Xuelan Liu scite author profile

Background Emerged mutations can be attributed to increased transmissibility of the B.1.617 and B.1.36 Indian delta variants of SARS‐CoV‐2, most notably substitutions L452R/E484Q and N440K, respectively, which occur in the receptor‐binding domain (RBD) of the Spike (S) fusion glycoprotein. Objective We aimed to assess the effects of mutations L452R/E484Q and N440K (as well as the previously studied mutation E484K present in variants B.1.351 and P.1) on the affinity of RBD for ACE2, SARS‐CoV‐2 main receptor. We also aimed to assess the ability of antibodies induced by natural infection or by immunization with BNT162b2 mRNA vaccine to recognize the mutated versions of the RBD, as well as blocking the interaction RBD‐ACE2, an important surrogate readout for virus neutralization.

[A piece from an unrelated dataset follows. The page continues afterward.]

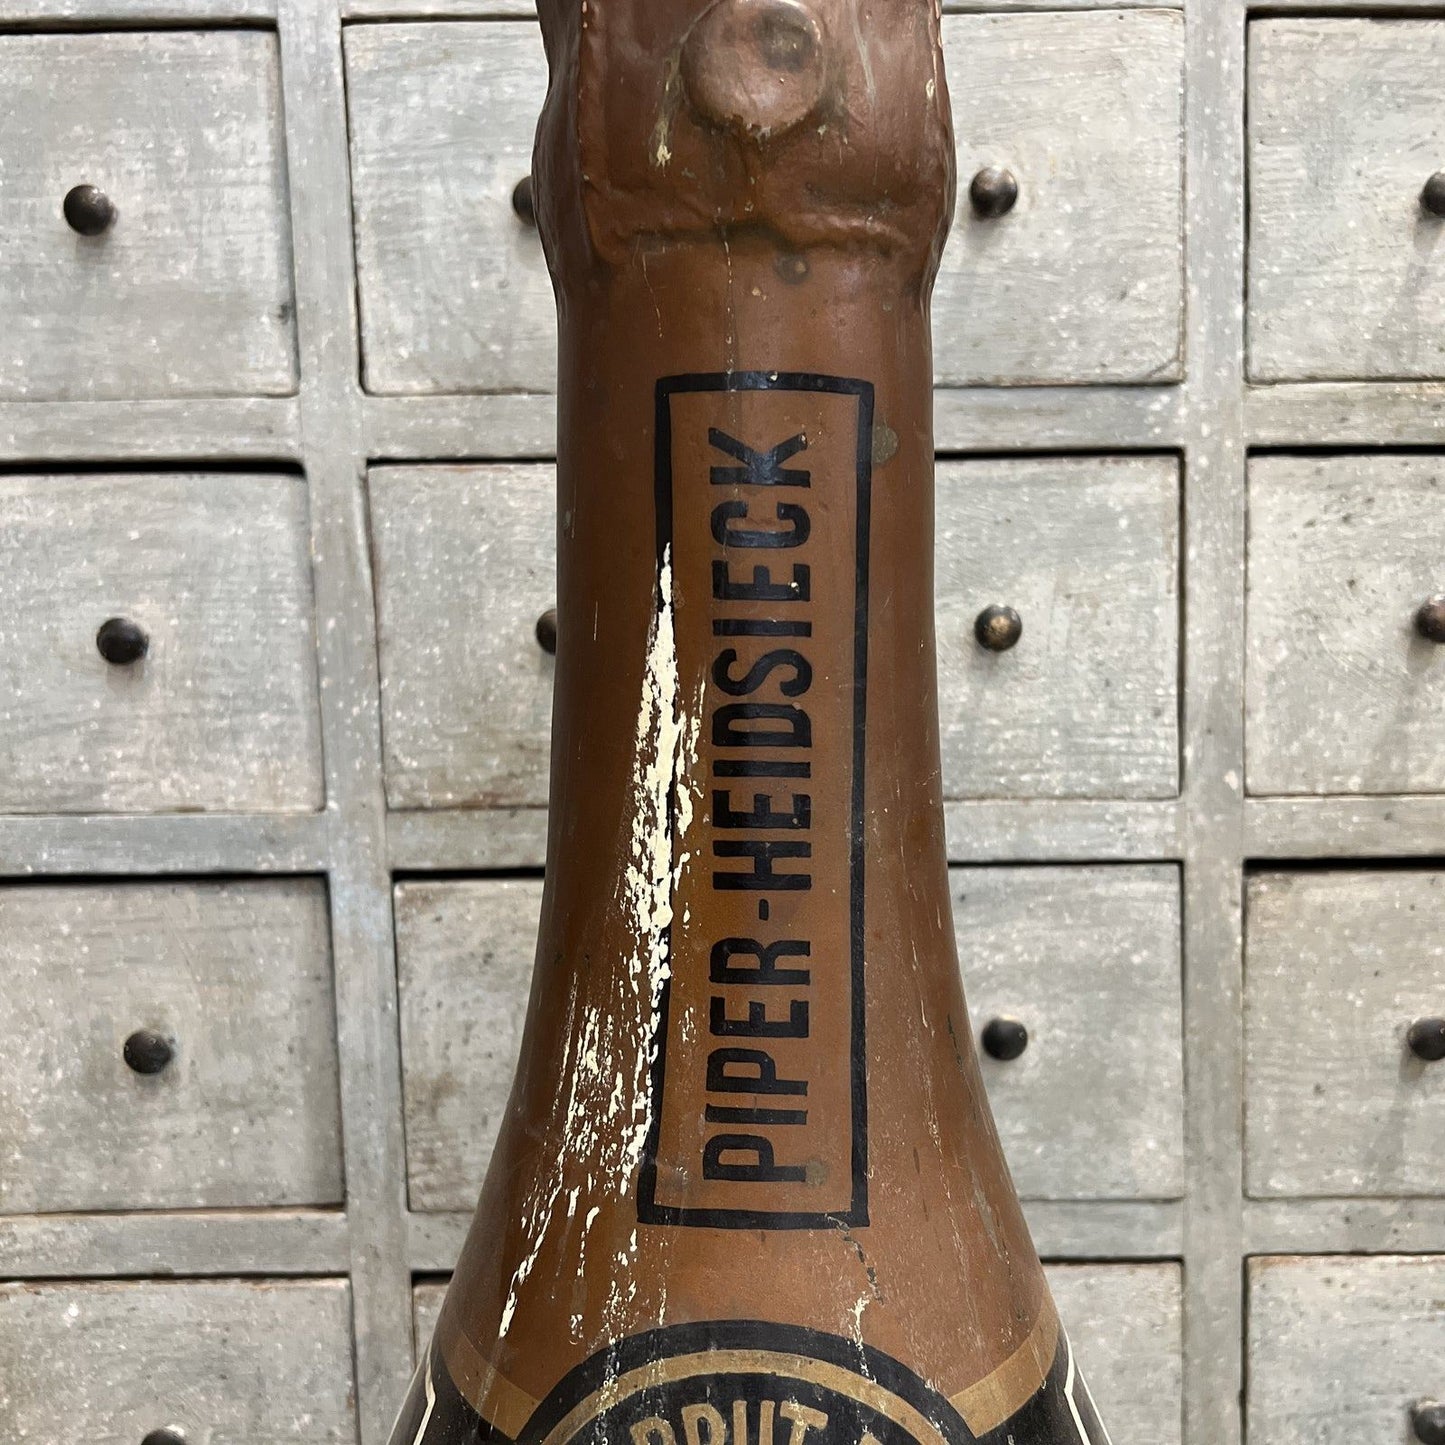 Mid-Century Modern Large Piper-Heidsieck Plastic Champagne Bottle - The White Barn Antiques

Methods To this end, we produced recombinant wild‐type RBD, as well as RBD containing each of the mutations L452R/E484Q, N440K, or E484K (the latest present in variants of concern B.1.351 and P.1), as well as the ectodomain of ACE2. Using Biolayer Interferometry (BLI), we measured the binding affinity of RBD for ACE2 and the ability of sera from COVID‐19 convalescent donors or subjects immunized with BNT162b2 mRNA vaccine to block this interaction. Finally, we correlated these results with total anti‐RBD IgG titers measured from the same sera by direct ELISA. Results The binding assays showed L452R/E484Q double‐mutant RBD to interact with ACE2 with higher affinity (K D = 4.6 nM) than wild‐type (K D = 21.3 nM) or single mutants N440K (K D = 9.9 nM) and E484K (K D = 19.7 nM) RBDs. Meanwhile, the anti‐RBD IgG titration resulted in lower recognition of mutants E484K and L452R/E484Q by infection‐induced antibodies, whereas only mutant E484K was recognized less by antibodies induced by vaccination. More interestingly, sera from convalescent as well as immunized subjects showed reduced ability to block the interaction between ACE2 and RBD mutants E484K and L452R/E484Q, as shown by the inhibition assays. Conclusion Our data suggest that the newly emerged SARS‐CoV‐2 variant B.1.617, as well as the better‐studied variants B.1.351 and P.1 (all containing a mutation at position E484) display increased transmissibility both due to their higher affinity for the cell receptor ACE2 and their ability to partially bypass immunity generated against the wild‐type virus. For variant B.1.36 (with a point mutation at position N440), only increased affinity seems to play a role.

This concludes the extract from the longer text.